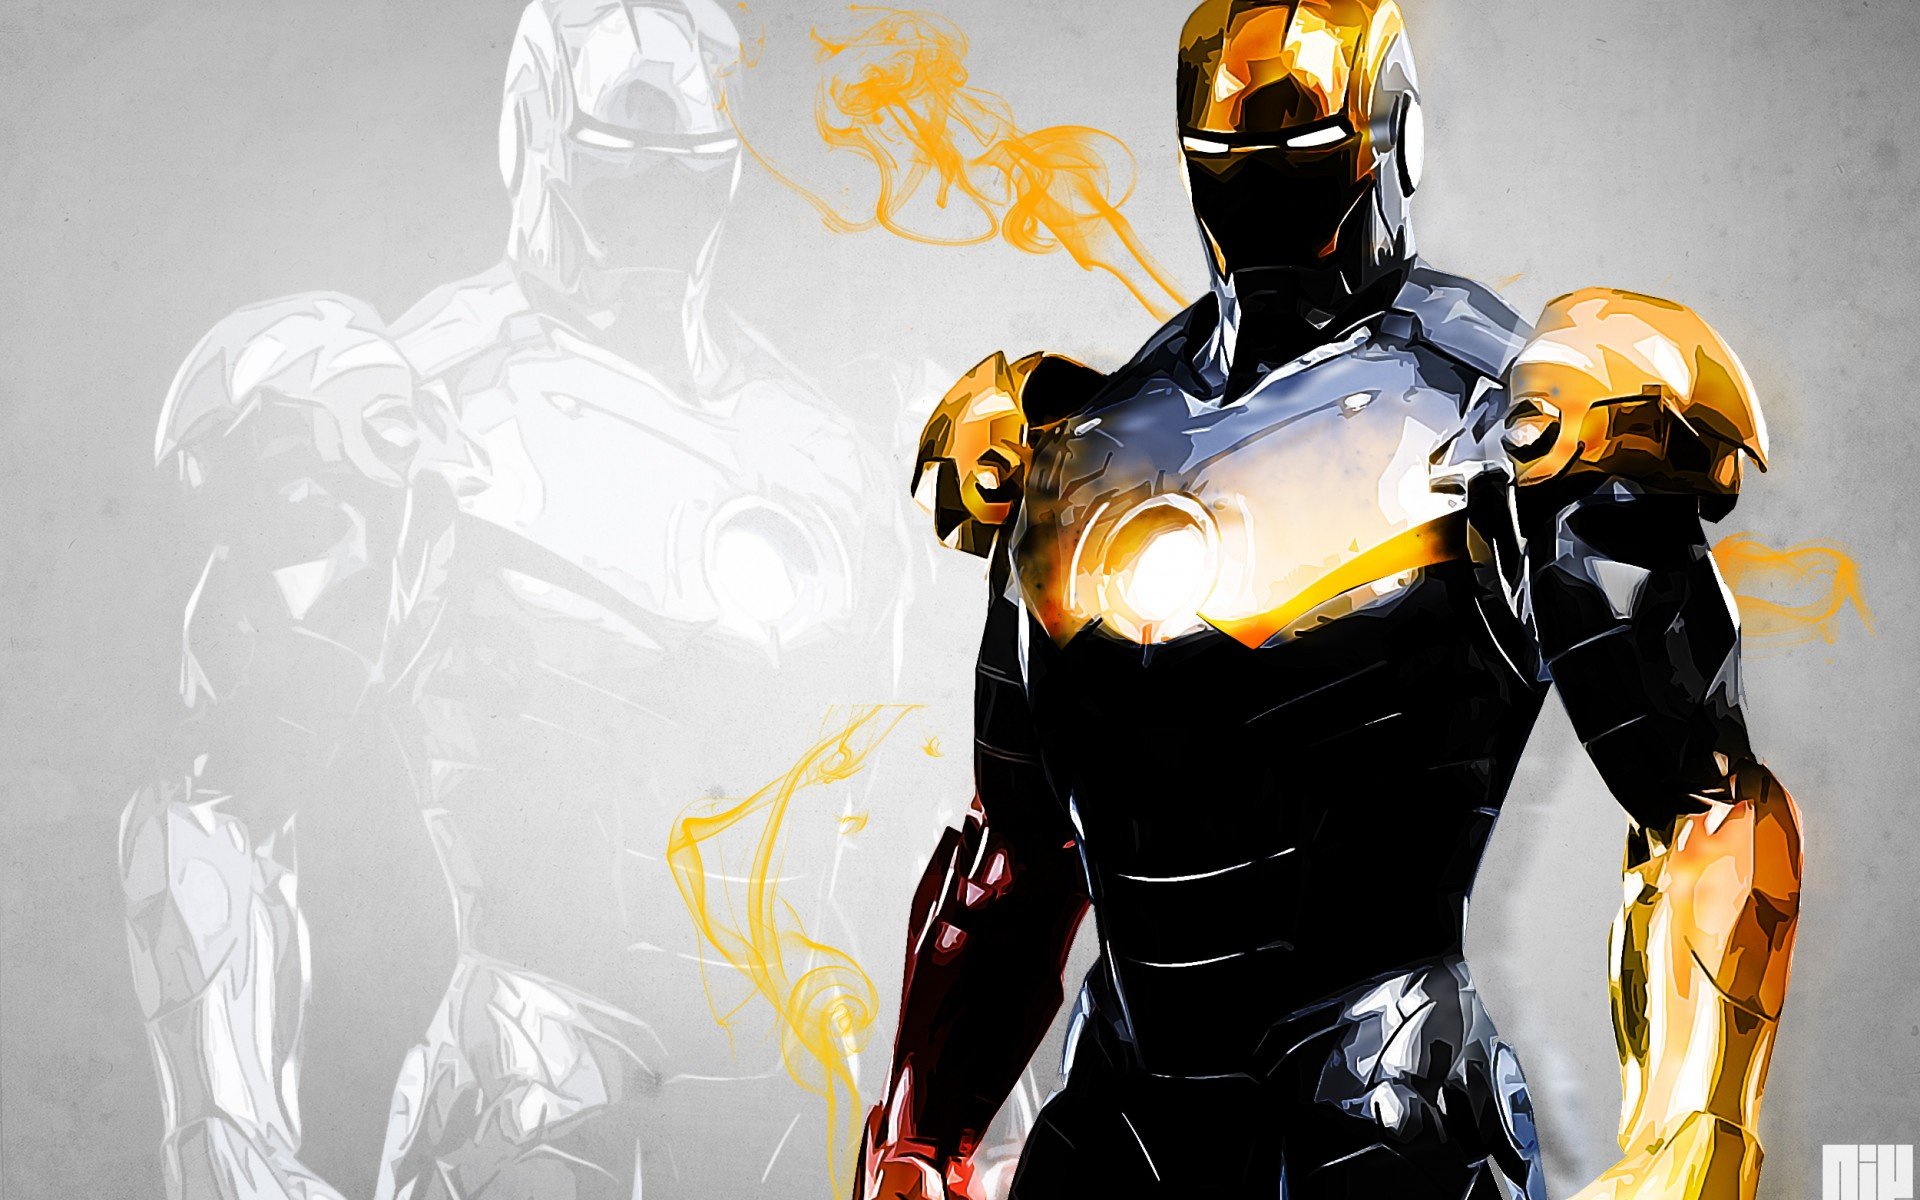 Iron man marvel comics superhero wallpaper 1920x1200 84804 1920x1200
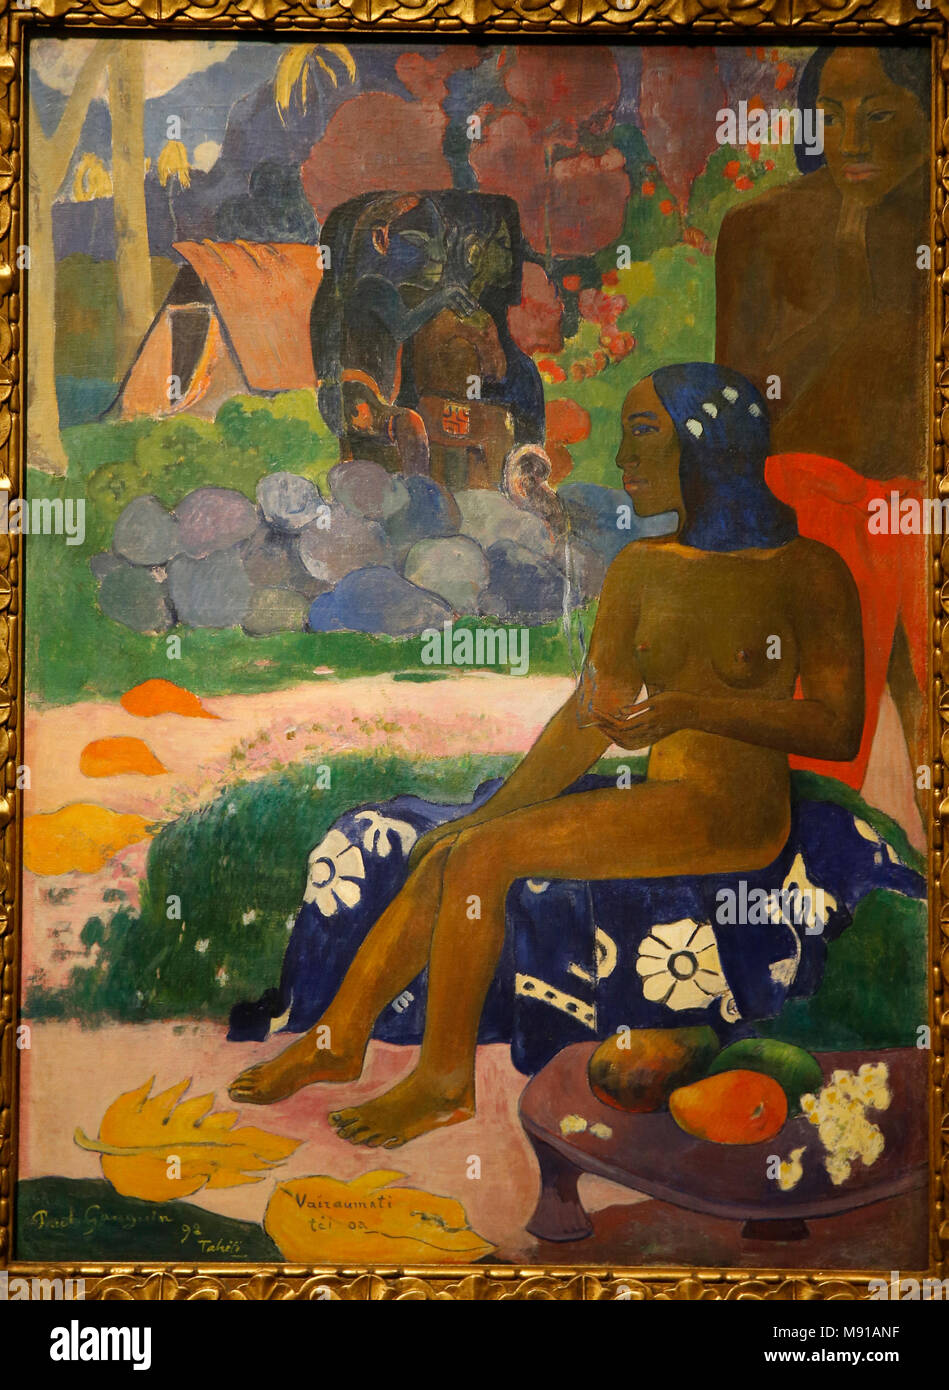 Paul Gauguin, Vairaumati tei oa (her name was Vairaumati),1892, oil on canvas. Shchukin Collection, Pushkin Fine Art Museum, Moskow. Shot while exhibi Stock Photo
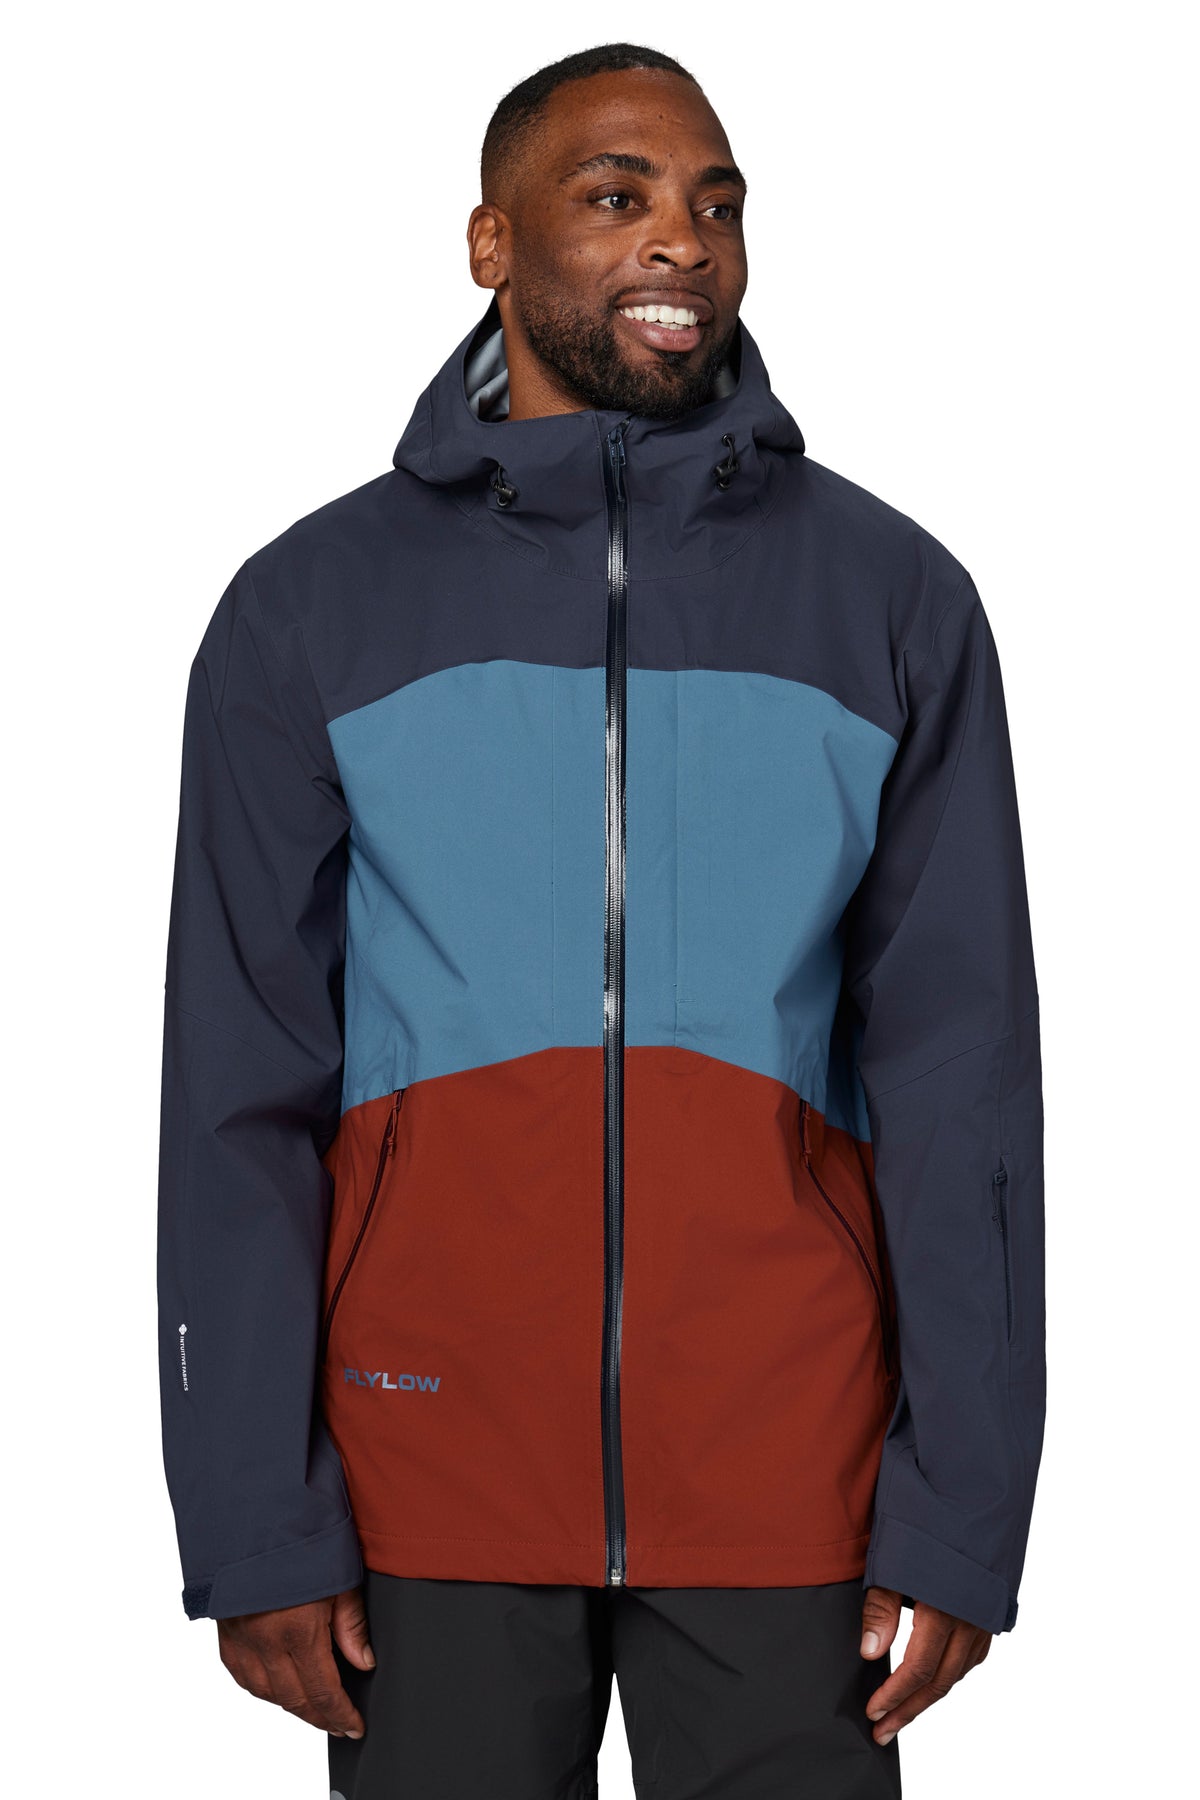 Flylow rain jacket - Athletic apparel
.....
Copy every line of the data word for word, omitting the images.

 Iron man marvel comics superhero wallpaper 1920x1200 84804 1920x1200
 Paul Gauguin, Vairaumati tei oa (her name was Vairaumati),1892, oil on canvas. Shchukin Collection, Pushkin Fine Art Museum, Moskow. Shot while exhibi Stock Photo
 Flylow rain jacket - Athletic apparel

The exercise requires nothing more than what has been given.